We have no power to compel respondent to accept this as the agreement. However, we do have the power to give him an opportunity to do so.

Ontario Downs, Inc. v. Lauppe, 192 Cal.App.2d 697, 13 Cal.Rptr. 782, illustrates such power. There the plaintiff was entitled to receive 15.87 unspecified acres out of a 450-acre tract owned by defendants. The plaintiff had the right under the option agreement to choose the acreage to be transferred to him but this choice was “subject to approval by the Optionor.”

Upon failure of the parties to agree, the plaintiff, ‘apparently in desperation, * * * offered to accept Any 15.87-acre tract which the respondents (optionors) might designate.’ (Emphasis ours.) Judgment for defendants (optionors) was reversed, the opinion stating that the court could require defendants to make such designation and, upon refusal to do so, plaintiff would be allowed to make it.

In the instant case, respondent at one time indicated a willingness to except 16 acres. On April 9, 1959, two months before the parties executed the contract of sale, he made an offer in writing to appellant which contained the following wording: ‘I * * * will make a firm offer for all of the timber and land less the land to be reserved around the houses, Not to exceed 16 acres; * * *.’ (Emphasis ours.) Appellant had previously told respondent, in March, 1959, that ‘we expected to reserve approximately sixteen acres of the property where the buildings were and for building sites.’

For the reasons stated the judgment decreeing specific performance must be and is reversed unless respondent will agree to this modification: from the main parcel described, appellant will retain the approximate 16 acres as shown on the survey made by Bushnell in July, 1963, which survey is in evidence herein as Exhibit I.

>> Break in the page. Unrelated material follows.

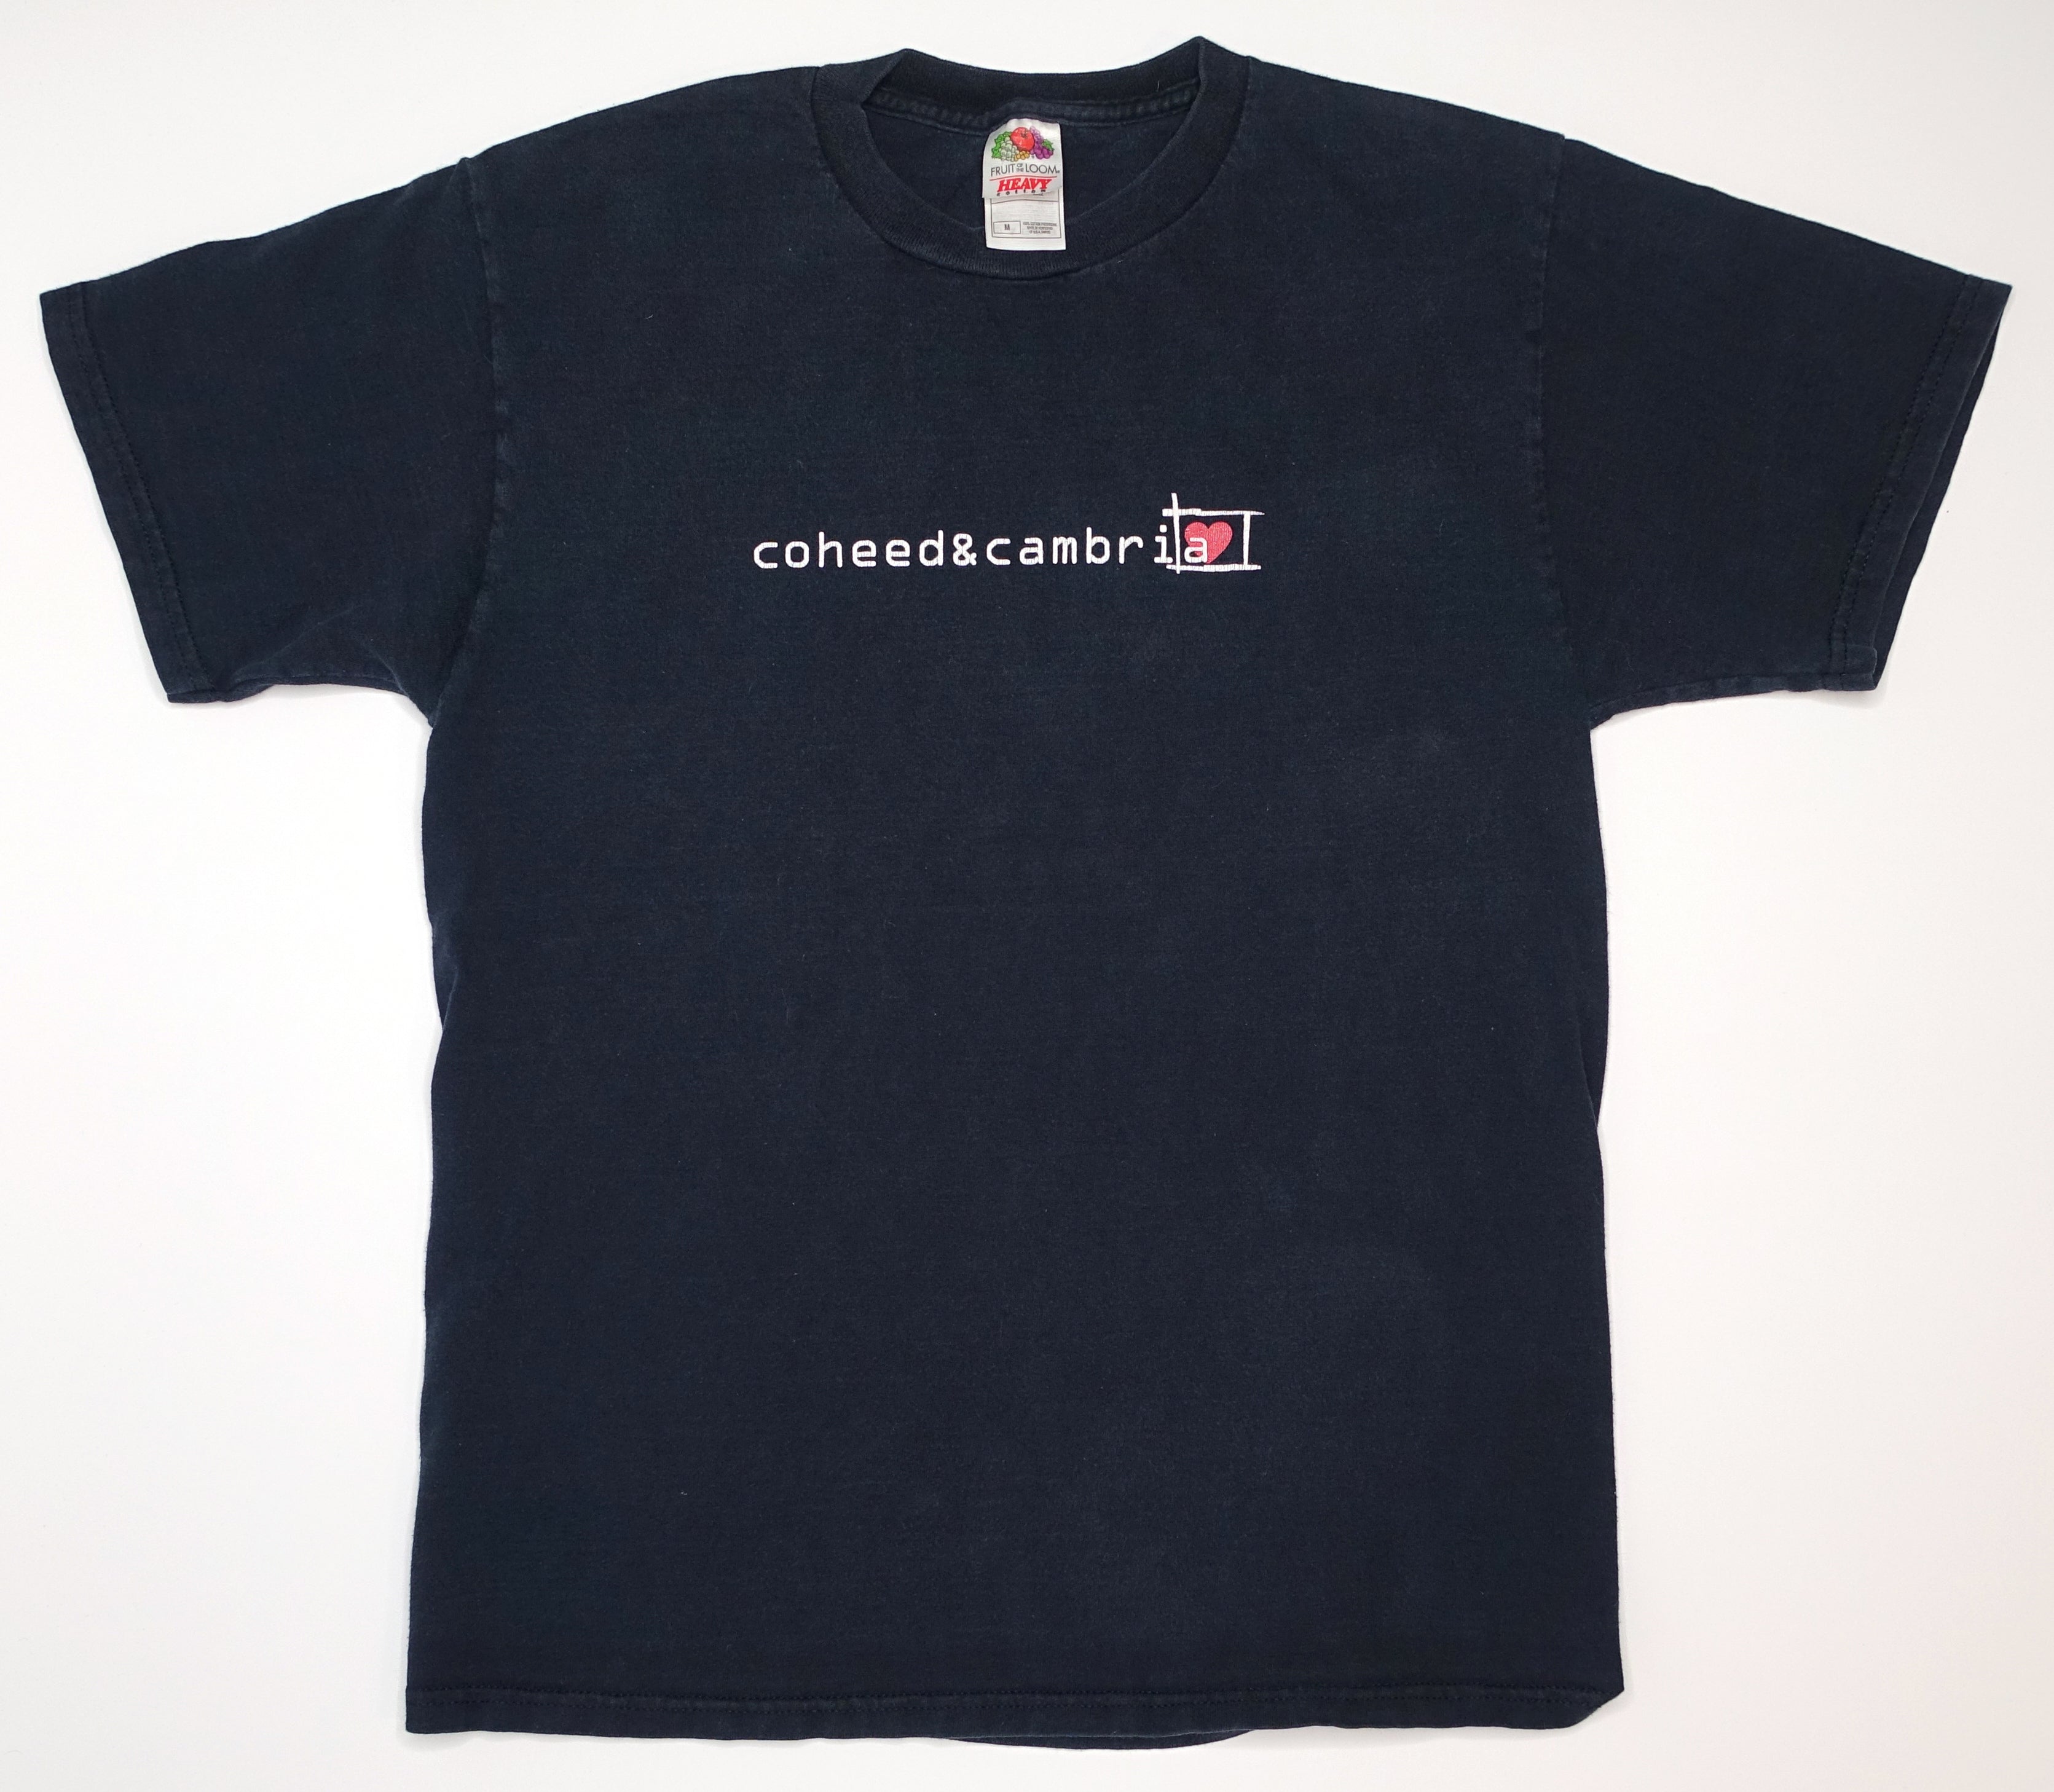 Coheed & Cambria – Heart 2000's Tour Shirt Size Medium

Such a modification will also require an evaluation of the timber on the approximate 6 1/2 acres to be added to the excepted portion so that the value may be deducted from the purchase price. The trial court valued the timber on the original excepted portion of approximately 9 1/2 acres at $3,717.

Acceptance of the judgment as modified must be made in writing and filed with the trial court within 10 days after the remittitur is issued. Thereafter, the trial court shall take such further action as is consistent with this modified judgment.

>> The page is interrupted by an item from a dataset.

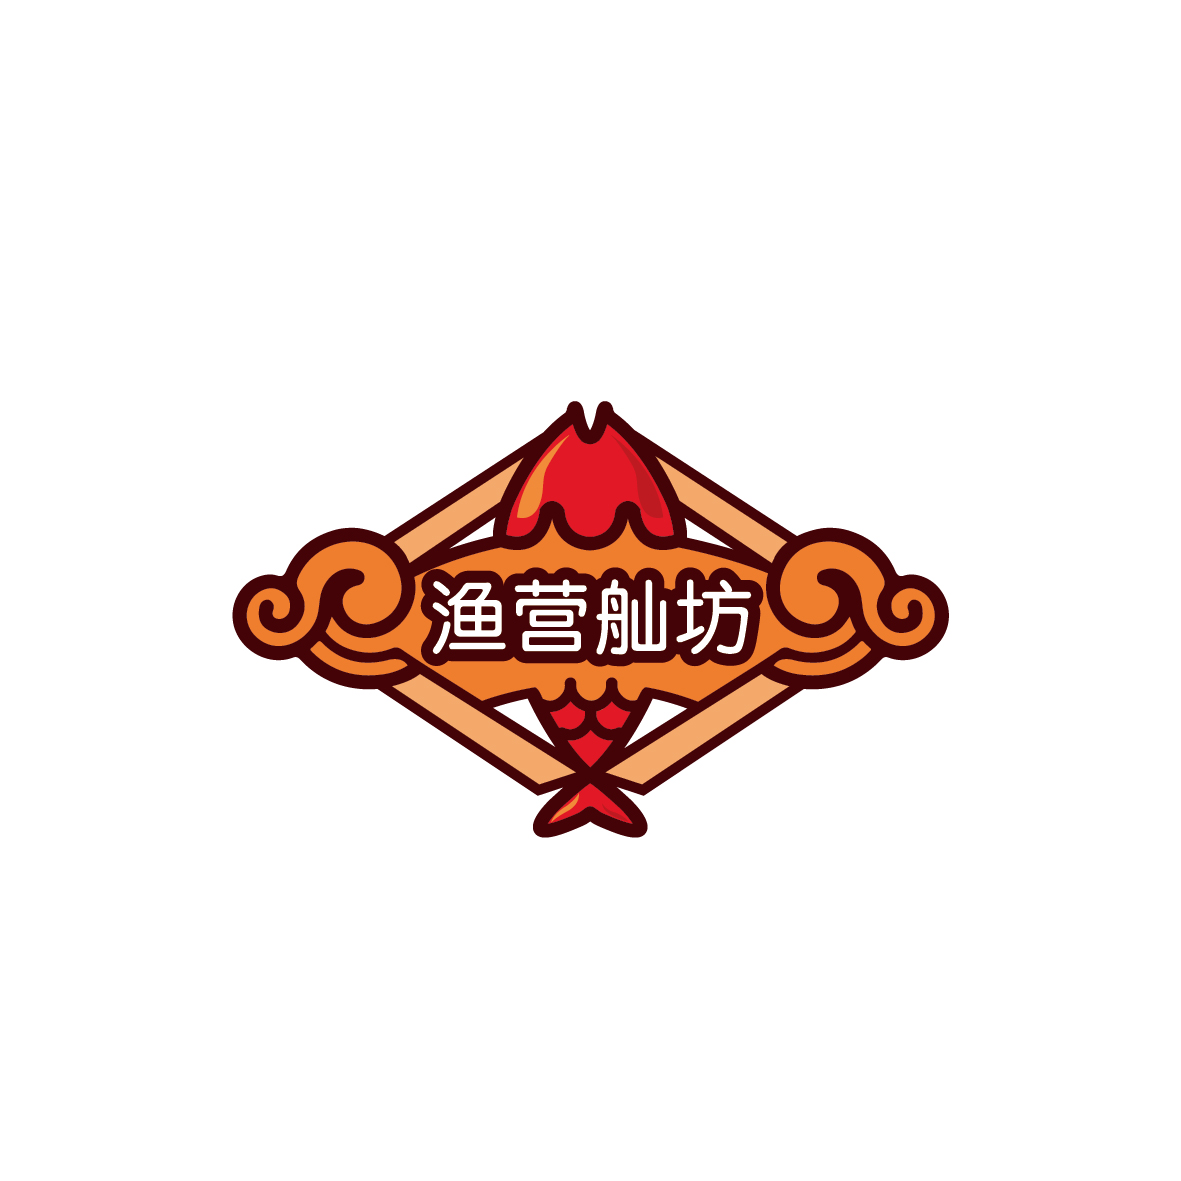 广州市巷陌电子商务商行商标渔营舢坊（43类）商标转让费用及联系方式

If respondent does not consent to such modification, the judgment is reversed and the trial court shall proceed to try the issue of damages, which issue is not before us on the present appeal. (Cf. Brudvig v. Renner, supra, 172 Cal.App.2d, at 524—525, 342 P.2d 276.)

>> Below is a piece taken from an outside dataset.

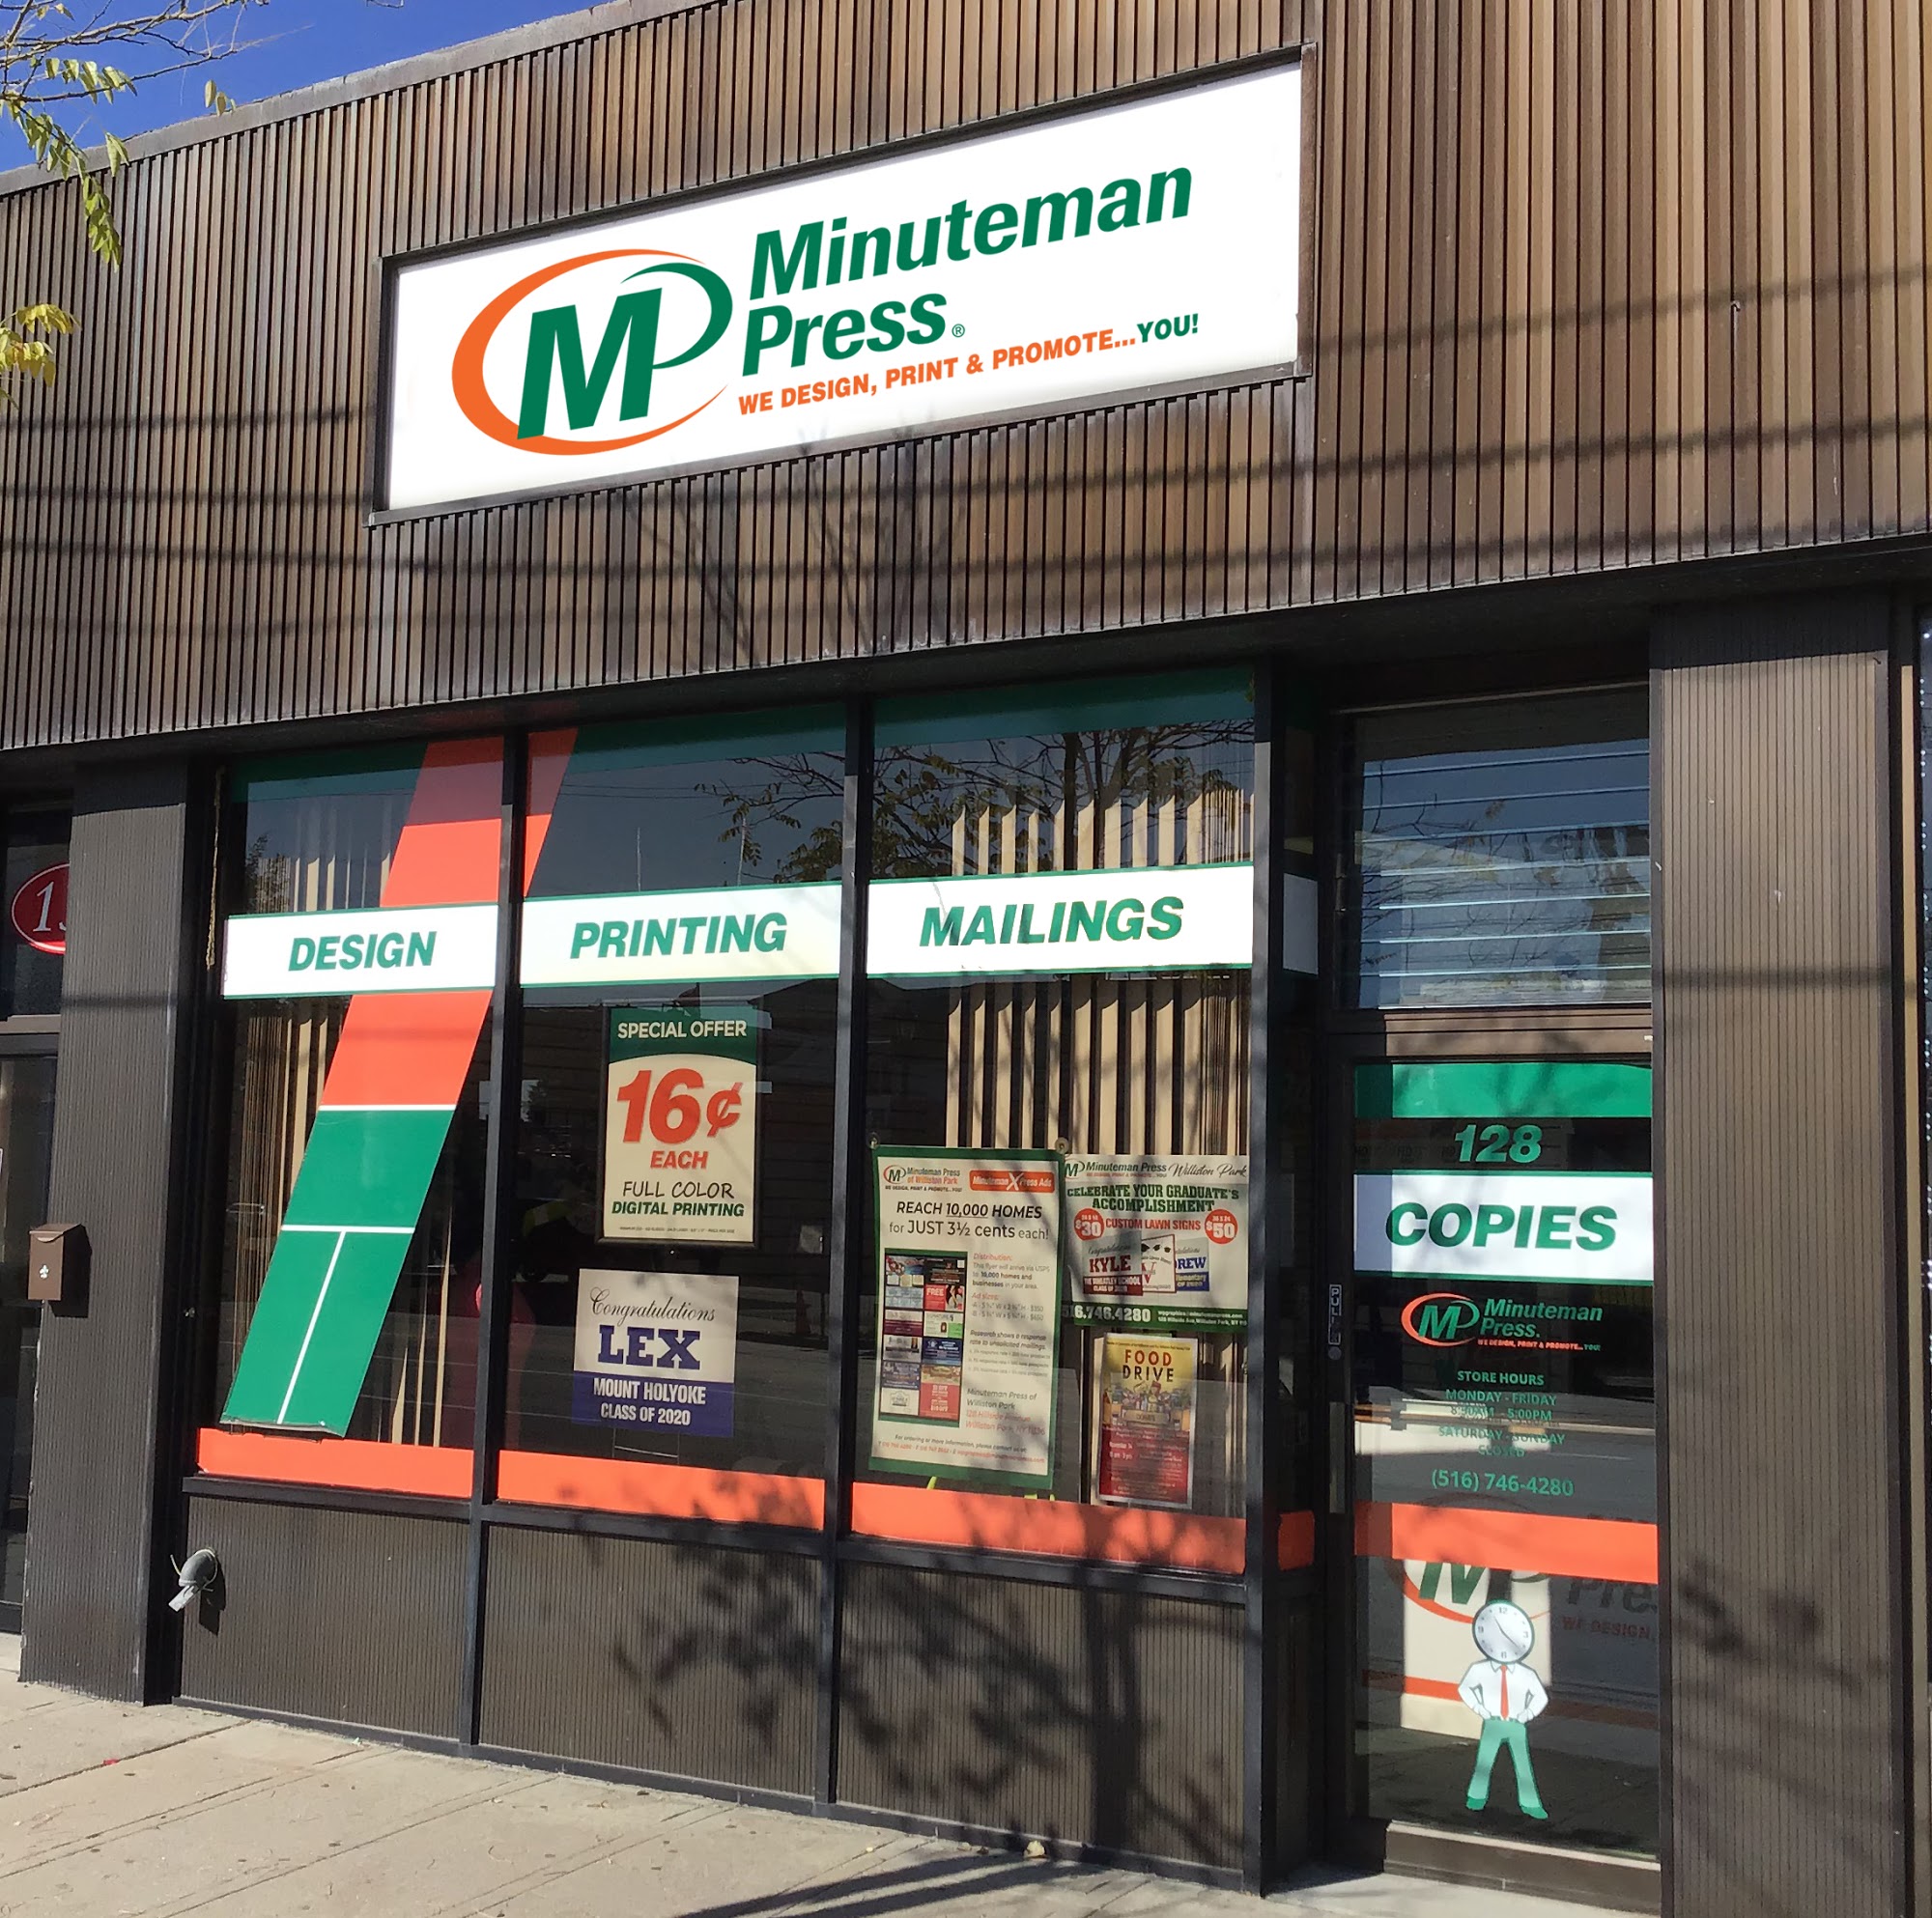 Minuteman Press of Williston Park

If respondent does so consent, each party shall bear his own costs on appeal. If respondent does not so consent, appellant shall recover his costs on appeal.

Appellant has also appealed from an order dismissing his cross-complaint but, in his closing brief, has conceded the propriety of such order under the authority of Ghera v. Sugar Pine Lumber Co., 224 Cal.App.2d 88, 36 Cal.Rptr. 305. The appeal from this order is therefore dismissed.

FOOTNOTES

1.  ‘The purchaser to give the seller an undescribed right-of-way thru his property for the purpose of carrying water to the Building sites of the seller;'The purchaser to install and deliver to The building site of the seller a 1/2' pipe line and water from his property, to replace springs destroyed in the logging operations.'The purchaser agrees not to log off any timber on the side hills near the Cabin sites except as requested by the seller, to protect his property.'The purchaser agrees not to do any cutting of timber near the Cabin reserved property during the months that the buildings are occupied.'The purchaser agrees to make a fire trail to protect the timber around The reserved property from fire from the balance of the land.'The purchaser agrees to allow the seller to use his right of way along the north side of the reserved property for access or egress to the highway.'The purchaser agrees to pay cash for the property and timber to be sold when a survey is made of the Above reservation and when a deed is ready for execution.'The seller agrees to furnish a clear title to the property to be sold.'Signed Howard R. AllardSeller'Signed Ward BrooksPurchaser''Purchase price $60,000.00 Less value of Timber to be retained around cabins WB' (In handwriting of seller-appellant.)

AGEE, Justice.

SHOEMAKER, P.J., and TAYLOR, J., concur.